From the time point t = 2.0 onward, power values corresponding to white display in all lines are always stored in display screen data storage 56, similarly to the time point t = 2.0. For this reason, a gain with respect to a delay signal of a line for which display is to be switched from the time point t = 2.0 onward is 0.4, similarly to the time point t = 2.0. Therefore, as illustrated in FIG. 21, at a time point t = 3.0 after the elapse of one frame time period from the time point t = 2.0, a delay signal corresponding to all lines of display unit 70 is multiplied by a gain of 0.4. For this reason, as illustrated in image (d) in FIG. 20, the luminance of a white display region is reduced by a large margin from the maximum luminance.
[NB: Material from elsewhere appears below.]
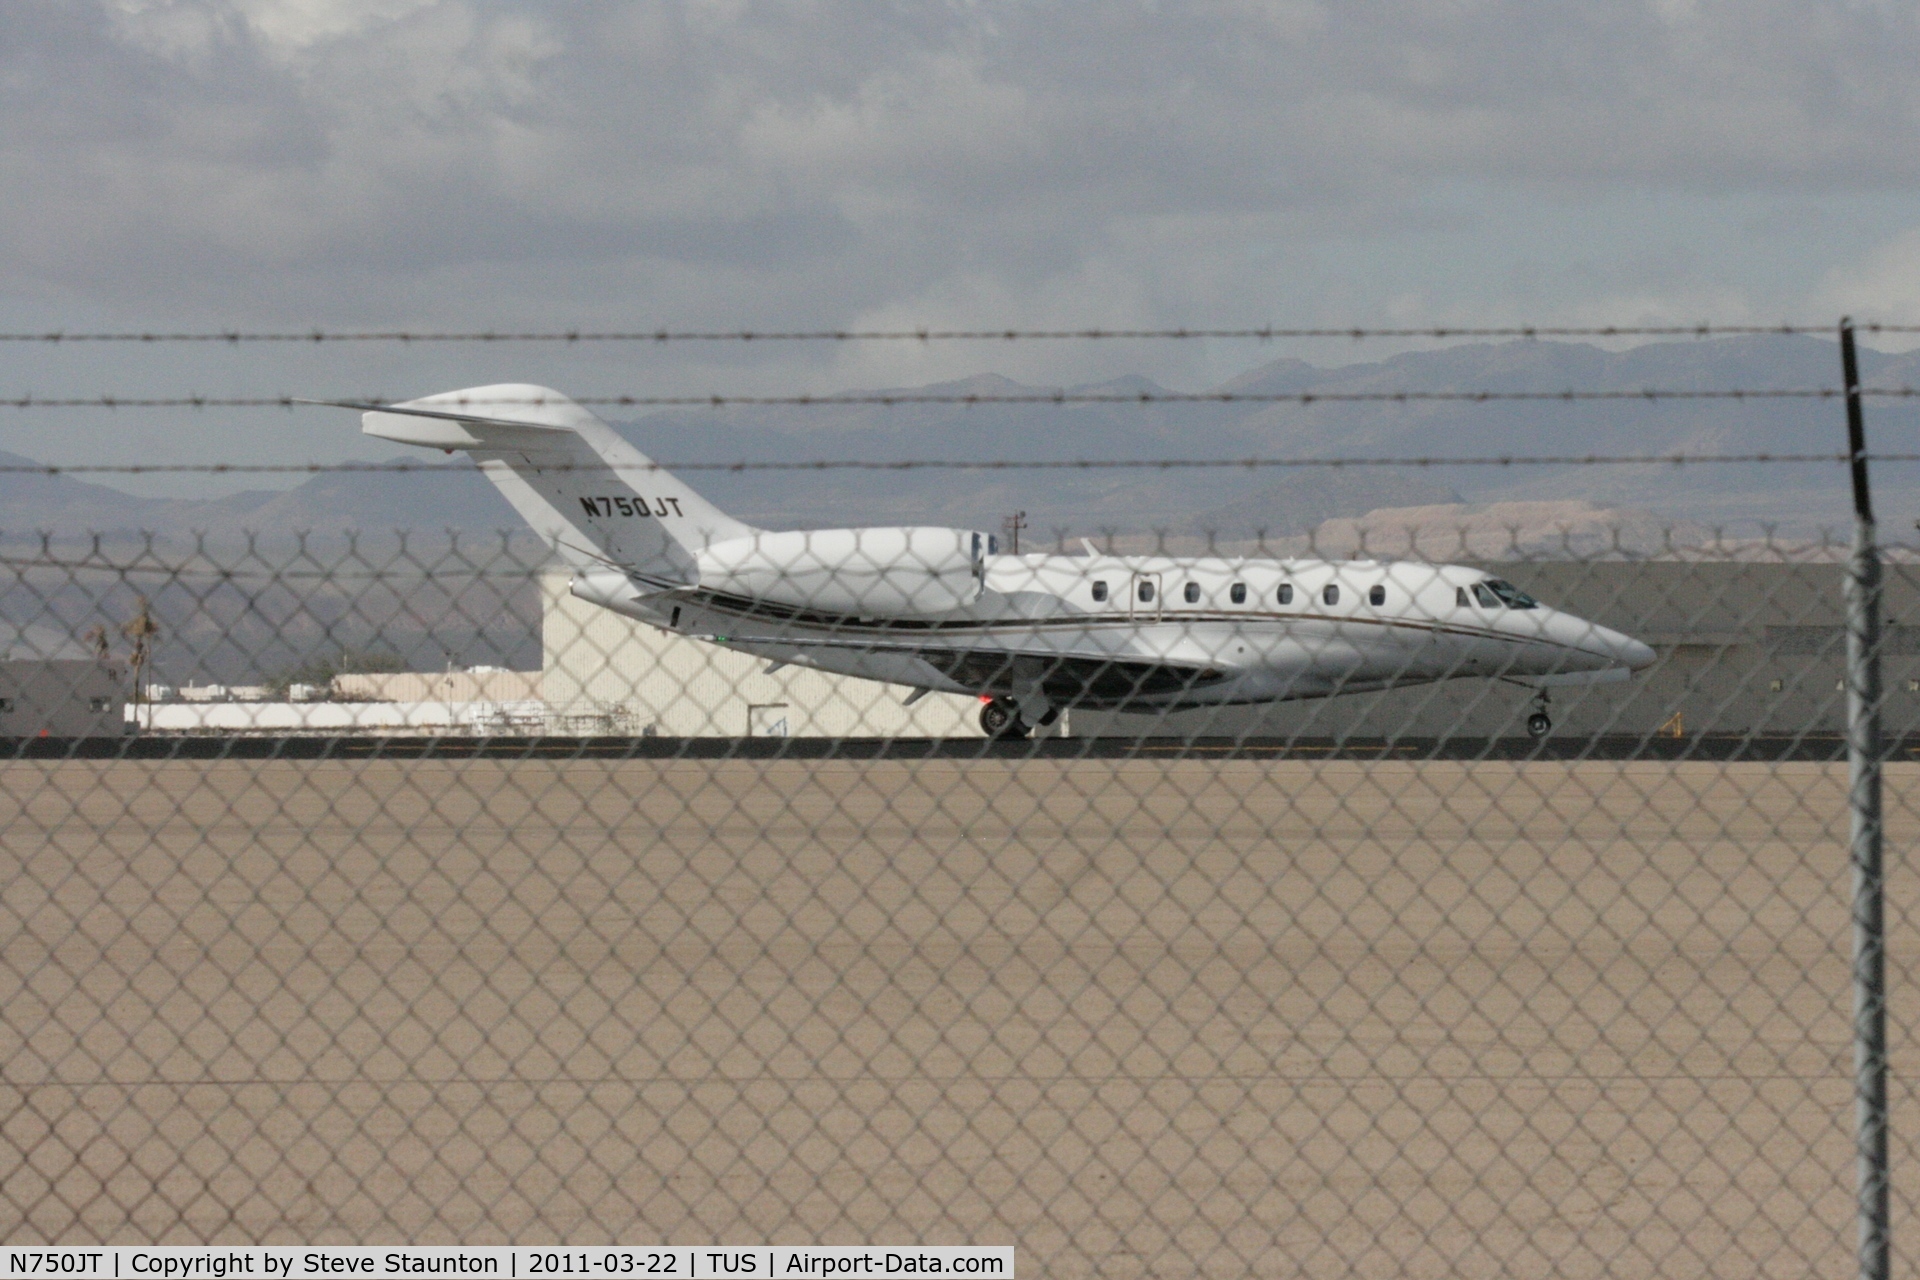 N750JT, Cessna 750 Citation X C/N 750-0302, Taken at Tucson International Airport, in March 2011 whilst on an Aeroprint Aviation tour

In the example illustrated in FIG. 20, the power consumption of the pixels at the time point t = 3.0 is reduced to about half (20%) of the control target power value.

Thus, in display device 10 according to Embodiment 1, there may be cases where the power consumption is reduced more than necessary.
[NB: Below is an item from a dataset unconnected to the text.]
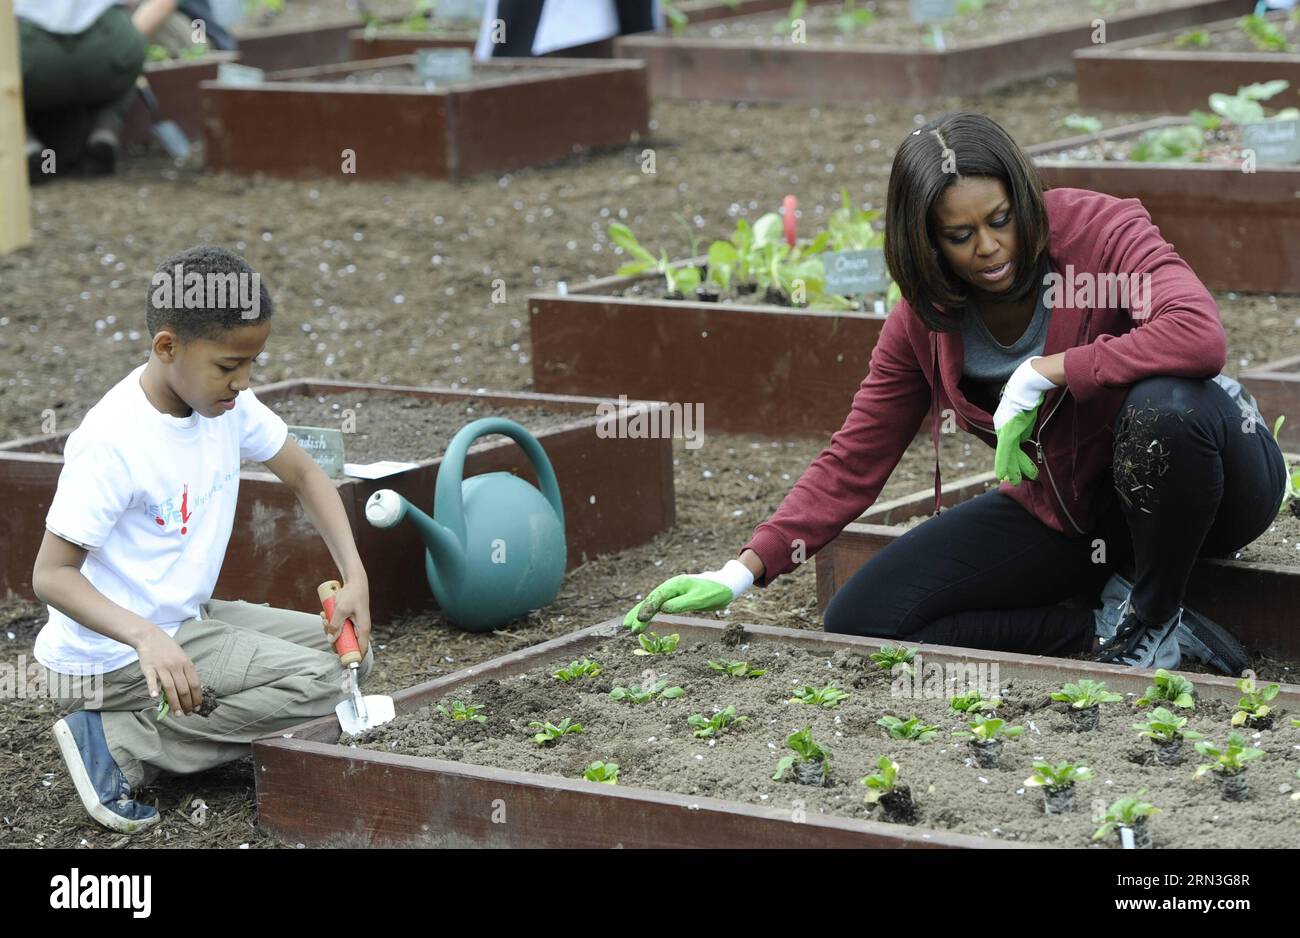 (150415) -- WASHINGTON D.C., April 15, 2014 -- U.S. First Lady Michelle Obama(R) plants with school children in the White House Kitchen Garden on the South Lawn of the White House in Washington D.C., capital of the United States, April 15, 2015. U.S. First Lady Michelle Obama joined FoodCorps leaders and local students to plant the White House Kitchen Garden for the seventh year in a row. ) US-WASHINGTON D.C.-WHITE HOUSE KITCHEN GARDEN BaoxDandan PUBLICATIONxNOTxINxCHN   Washington D C April 15 2014 U S First Lady Michelle Obama r Plants With School Children in The White House Kitchen Garden O Stock Photo

On the other hand, as illustrated in image (e) in FIG. 20, the display device including current limiting circuit 240 according to the present embodiment enters an all-black display state at the time point t = 1.0 in the graph in FIG. 20, similarly to display device 10 according to Embodiment 1. In a case where a video signal that follows a delay signal representing all-black display is a video signal representing striped white display and black display, at the time point t = 1.0, power conversion data corresponding to a delay signal for one frame representing all-black display, and power conversion data corresponding to a video signal for one frame representing striped white display and black display are stored in display screen data storage 256 of current limiting circuit 40 illustrated in FIG. 17.

Gain calculation circuit 257 calculates power values S(1) to S(ne) based on the power conversion data stored in display screen data storage 256, and selects the greatest value among power values S(1) to S(ne) as a display screen power value. In the example illustrated in FIG. 20, the greatest value among power values S(1) to S(ne) is a power value S(ne) ≈ 50% that corresponds to striped white display and black display. Therefore, gain calculation circuit 257 calculates the gain as 40%/50% = 0.8. Since striped display continues from the time point t = 1.0 onward, the greatest value among the power values S(1) to S(ne) is maintained at approximately 50% from the time point t = 1.0 onward also. Therefore, as illustrated in FIG. 21, from the time point t = 1.0 onward, gain multiplication circuit 44 multiplies an R signal, a G signal, and a B signal included in a delay signal representing striped white display and black display by 0.8 as the gain. By this means, as illustrated in image (f) in FIG. 20, at the time point t = 1.5, although the upper half of display unit 70 is switched to striped white display and black display, the luminance of the white display regions is lower than a luminance of white display represented by the delay signal. At the time point t = 2.0 and the time point t = 3.0, display unit 70 becomes a striped display as illustrated in images (g) and (h) in FIG. 20, respectively, and the luminance of the white display regions is lower than the luminance of white display represented by the delay signal.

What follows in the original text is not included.